A Gate Lord looking around noticed he was there. He pointed a club a Briar. "Stop gawping and take off, if you know what's good for you!"

Briar glanced at the club: it sprouted leafy twigs and sent roots searching for the ground. As the Gate Lord yelped and dropped it, Briar hurled a ball into the midst of the gang. It opened when it hit, scattering seeds. Briar followed it with a surge of power. The seeds he had so carefully prepared exploded in frantic growth.

Vines shot from the ground in all directions, as if they meant to do twenty years' worth of growing in an afternoon. They were a mixture of grape and five-finger plants, tough, flexible and strong, spelled to twine rope-like around the target Briar chose. He directed them to the Gate Lords. The vines obeyed, whipping around gang members, trapping arms, legs, and weapons. Three went sprawling, to be bound where they lay. The remaining seven were dragged back by their green captors, away from the Vipers' door. Some vines shot across the street. They wrapped long stems around door handles and window gratings, tying four Gate Lords to it. Some plants reached out to one another, yanking the remaining three captives into one green bundle.
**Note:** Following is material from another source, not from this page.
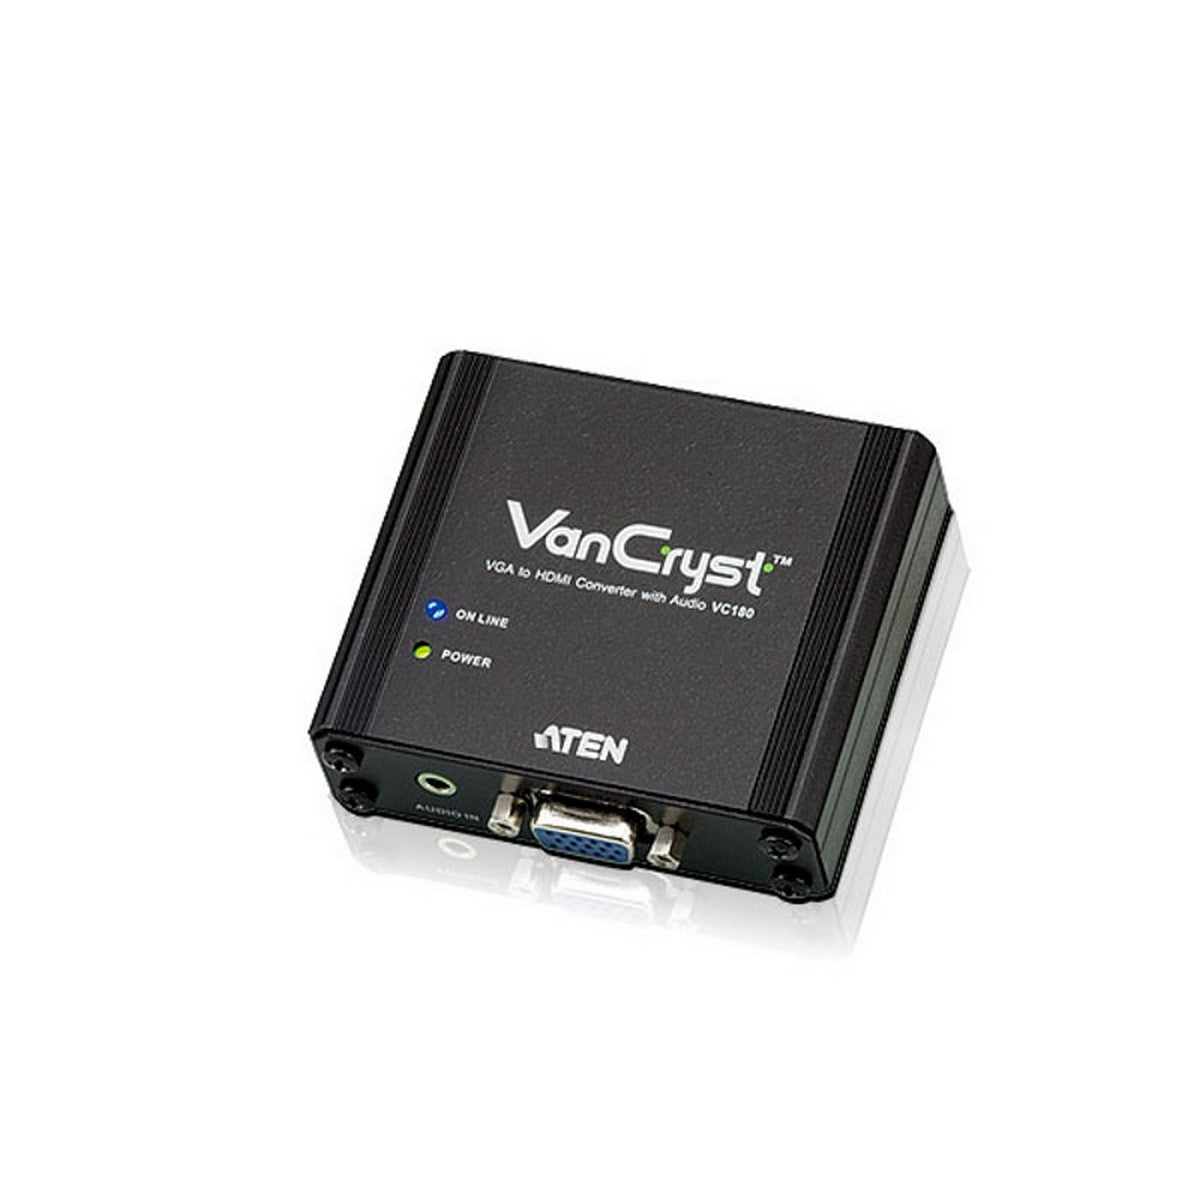 ATEN VC180 | VGA Audio to HDMI Converter

Once the Gate Lords were secure and yelling curses in voices that shook with terror, Briar plucked weapons from helpless fingers, placing them in a heap out of harm's way. "Be good, children," he told his captives. "I won't be but a minute."

Just before he passed through the open frame, he threw his second damp packet into the room beyond. With it he sent another surge of magic.

Vipers charged as he walked out of the bright street and into the lamplit shadows of the den. They'd been preparing for the Gate Lords' attack. They had their own weapons in hand, including lead-weighted blackjacks. The contents of Briar's seed packet dug into the bare dirt floor unnoticed as the Vipers closed on him.

Mind the lamps, he ordered silently as his seeds began to grow. They burn.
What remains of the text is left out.